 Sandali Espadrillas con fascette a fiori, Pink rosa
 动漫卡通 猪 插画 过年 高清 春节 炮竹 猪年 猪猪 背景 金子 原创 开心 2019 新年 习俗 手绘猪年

---

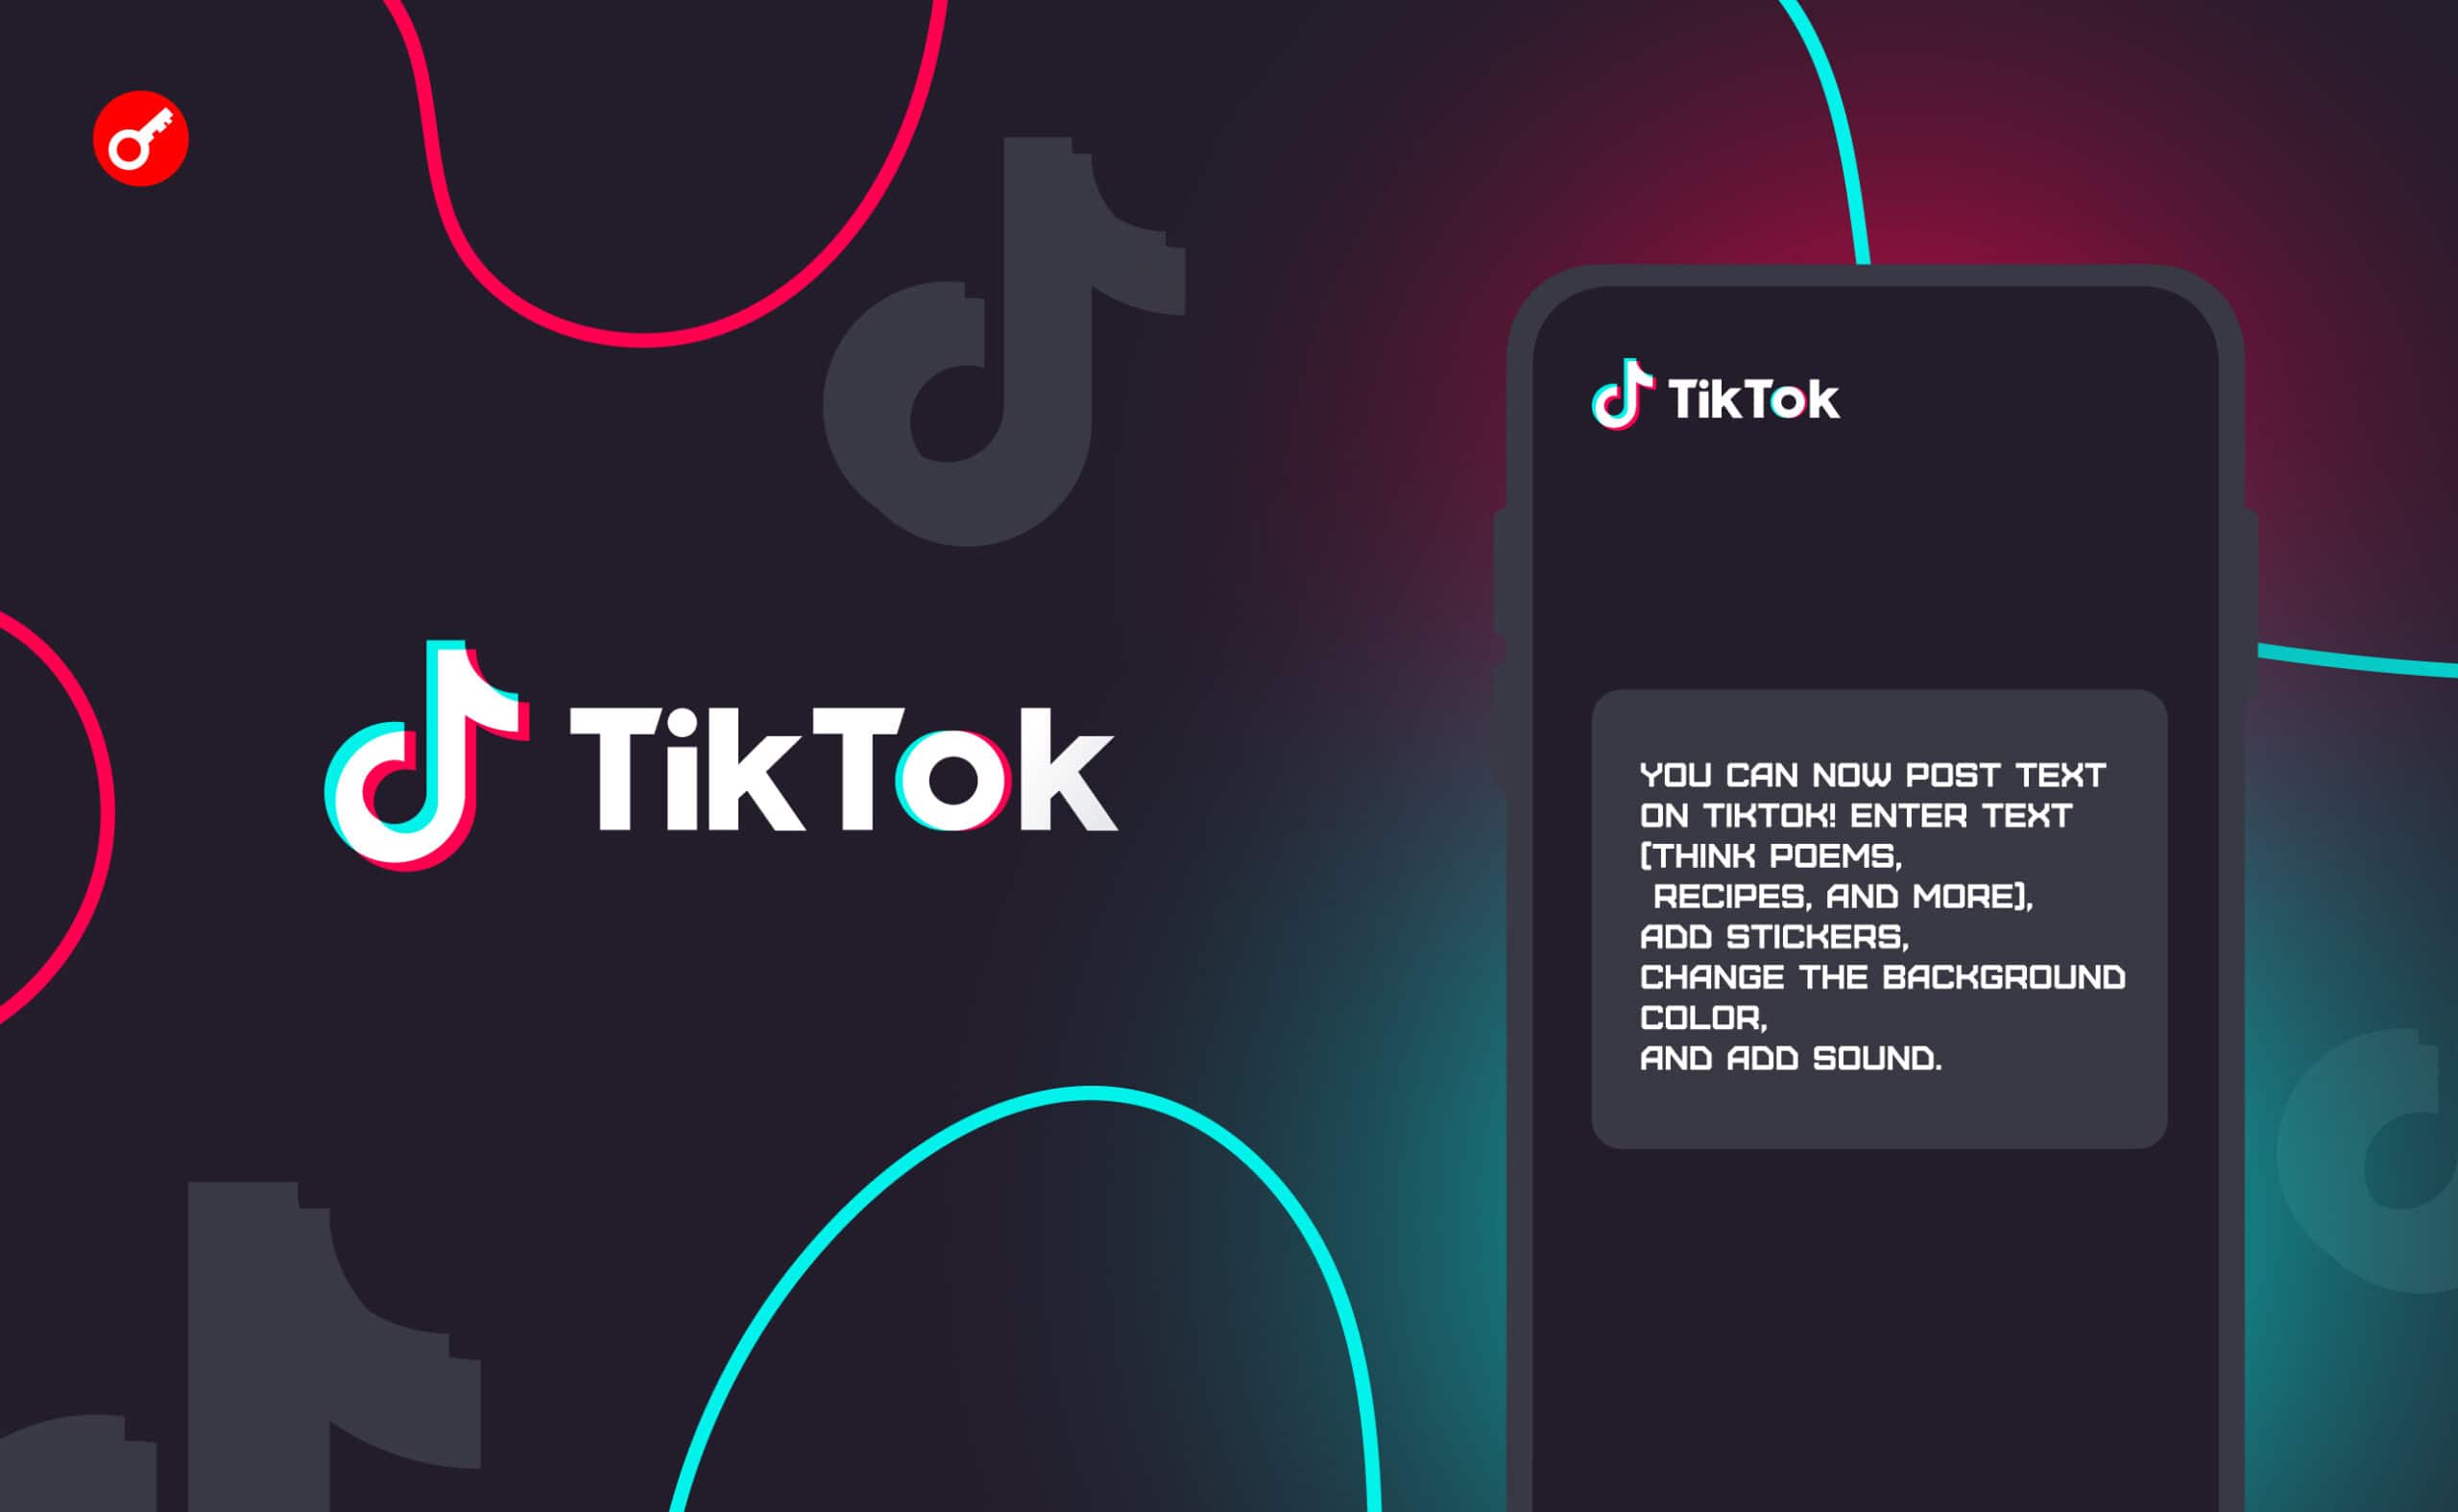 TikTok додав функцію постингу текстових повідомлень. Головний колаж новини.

* TASK TO CARRY OUT
From the entries above, restate word for word the lines from the line containing "Sandali Espadrillas con" to the line containing "动漫卡通 猪 插画 过年", both ends included, and nothing more.

* RESULT
 Sandali Espadrillas con fascette a fiori, Pink rosa
 动漫卡通 猪 插画 过年 高清 春节 炮竹 猪年 猪猪 背景 金子 原创 开心 2019 新年 习俗 手绘猪年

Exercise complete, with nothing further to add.